COVID-19 is making an already existing Australian recession worse

Contributed from Victoria

It is becoming clearer by the day. The COVID-19 virus is scaring people and this is suiting political leaders, anxious to turn attention away from their political troubles. But this is a double-edged sword. Particularly in economies where the economy has already been teetering.

Australia is a good example of this. The economic indicators have for some time shown that the storm clouds are coming. Australia is not alone. Other countries and the global economy have been heading in the same direction. But we have our own problems here in Australia.

The arrival of a pandemic has caused a fall in confidence and threatens a considerable cost to the economy. The prospect of workplaces shutting down and people not going to the shop, will mean the loss of economic activity. With a healthy economy this is not so bad. It will pass.

When the economy is already sick, it will bite deeper and persist longer. This is a problem for the government. It is a bigger problem for the rest of us.

Pressure from circumstances and its own heartland, has forced the Scott Morrison administration to put forward a stimulus package. This is a government for for which opposition to stimulus packages and budget surpluses, have long been articles of faith. It has no other choice but to make this about turn.

But the implementation of its stimulus package could prove to be, another millstone around its neck. It is the wrong kind of stimulus.

The cornerstone is financial support for businesses. Although the details are still to be announced. It has already been flagged that $6.5 billion will be handed out to businesses. Small ones with anything from $2,000 to $25, 000. The big break will be for big businesses with a turnover of more than $50 million a year. They will be paid asset write off money for items worth up to $150,000.

It is suggested that the total for this aid will hit the $15 billion mark.

Critics will point out that the aid should be weighted more heavily to the lower end. The big players can survive. It is the smaller players who risk going out of business.

The Morrison government is also being pressured by the unions and welfare organisations to provide payments for casual workers without sick pay, if they are forced to stay home and not work. This may be necessary to sell the package to the public.

Aside form the obvious welfare implication, it is suggested that such payments will stimulate the economy. The truth is that impact will be seriously limited, as it is only a short-term measure. A far more effective response would be, to permanently increase all Centrelink payments, especially Newstart, and include those in insecure work.
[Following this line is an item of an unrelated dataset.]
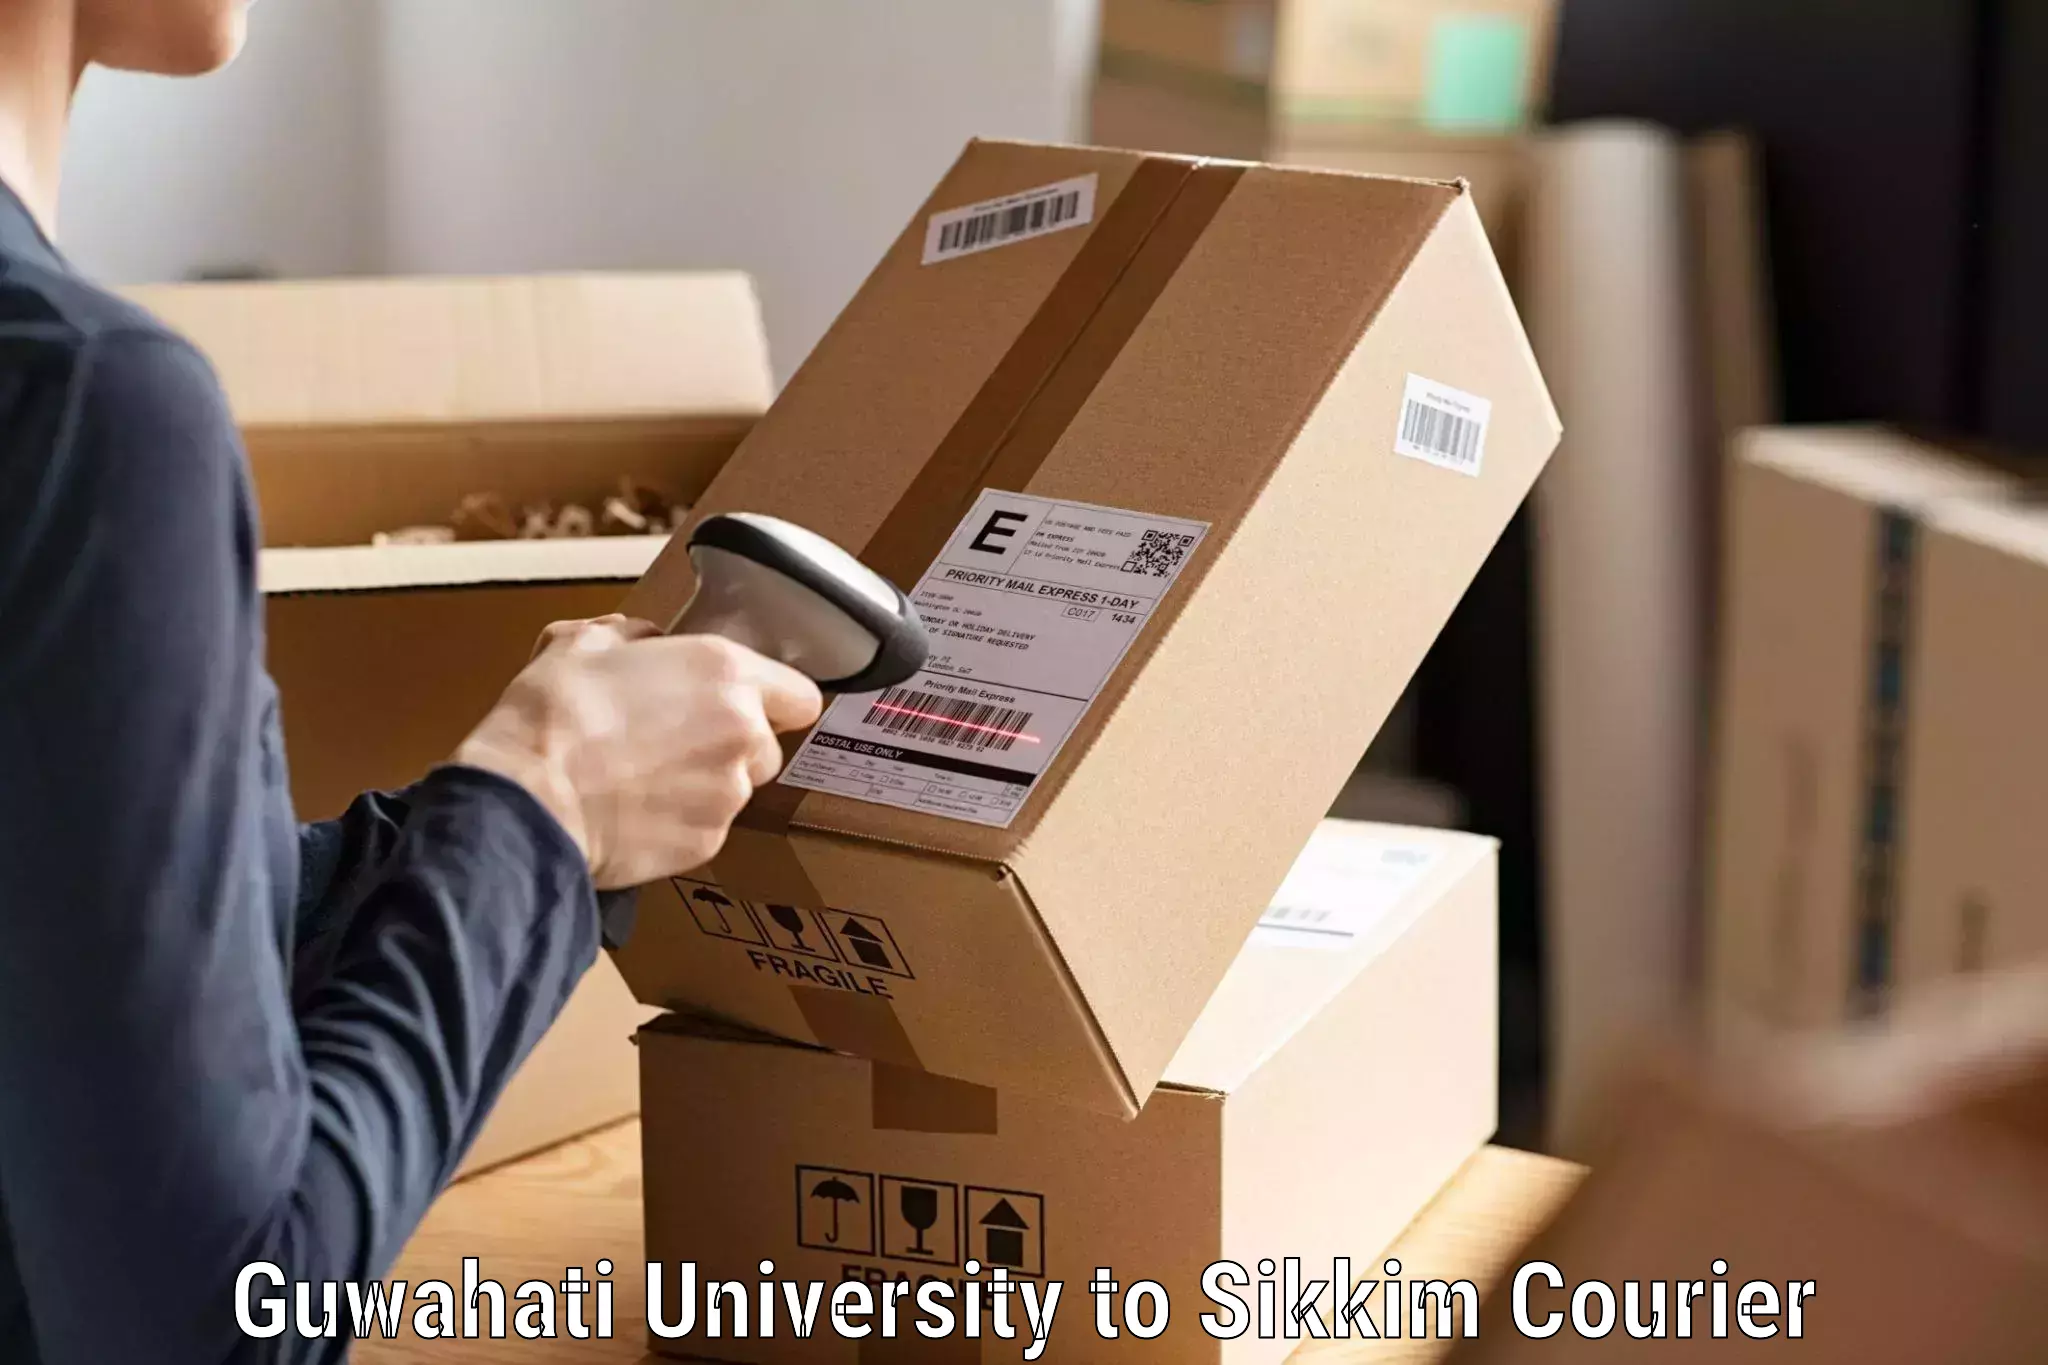 Courier service partnerships Guwahati University to Rangpo

The biggest problem with the package is that it offers far too little. This is not merely about a virus. Pretending that it is, only hides the fact that longer term solutions are needed.
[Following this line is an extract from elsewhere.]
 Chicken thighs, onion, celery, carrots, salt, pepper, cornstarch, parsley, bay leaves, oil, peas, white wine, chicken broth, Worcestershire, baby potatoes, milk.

Nor have we been told yet how its going to be paid for. Will it be through a new round of government cuts around the corner? Or will it be through taxation reform that puts a greater burden on the top end.? We have a good idea about which its going to be.

Besides the question of fairness, how the cost is paid is important in the sense of whether it stimulates or strangles the economy. There will also be politcal implications.

The main impact of a pandemic would be, through international trade and the effect on tourism and the education system. Australia has been far too dependent on mineral exports, tourism and foreign fee-paying students. It happens that most of this involves China, and while that country is in a temporary partial lock down, Australia is seriously affected.

The package should be about working towards an economy that can withstand shocks. There will be more of them. Pandemics will become more frequent as the world warms up. Unresolved forces dragging down the economy are still there. They will bring their own shocks.

There is the current oil shock that is causing more pain in the financial market and causing havoc with share prices.

We just went through the worst bushfires in memory. The full impact of this shock has not been felt yet. it will be more damaging than COVID-19. Australia’s agriculture has been seriously damaged. It has impacted regional economies and the rest of us are already starting to feel it through increased prices.

A plan for a more diversified and better performing economy is the only real protection. This should be the purpose of a stimulus package. It is not what we’re getting.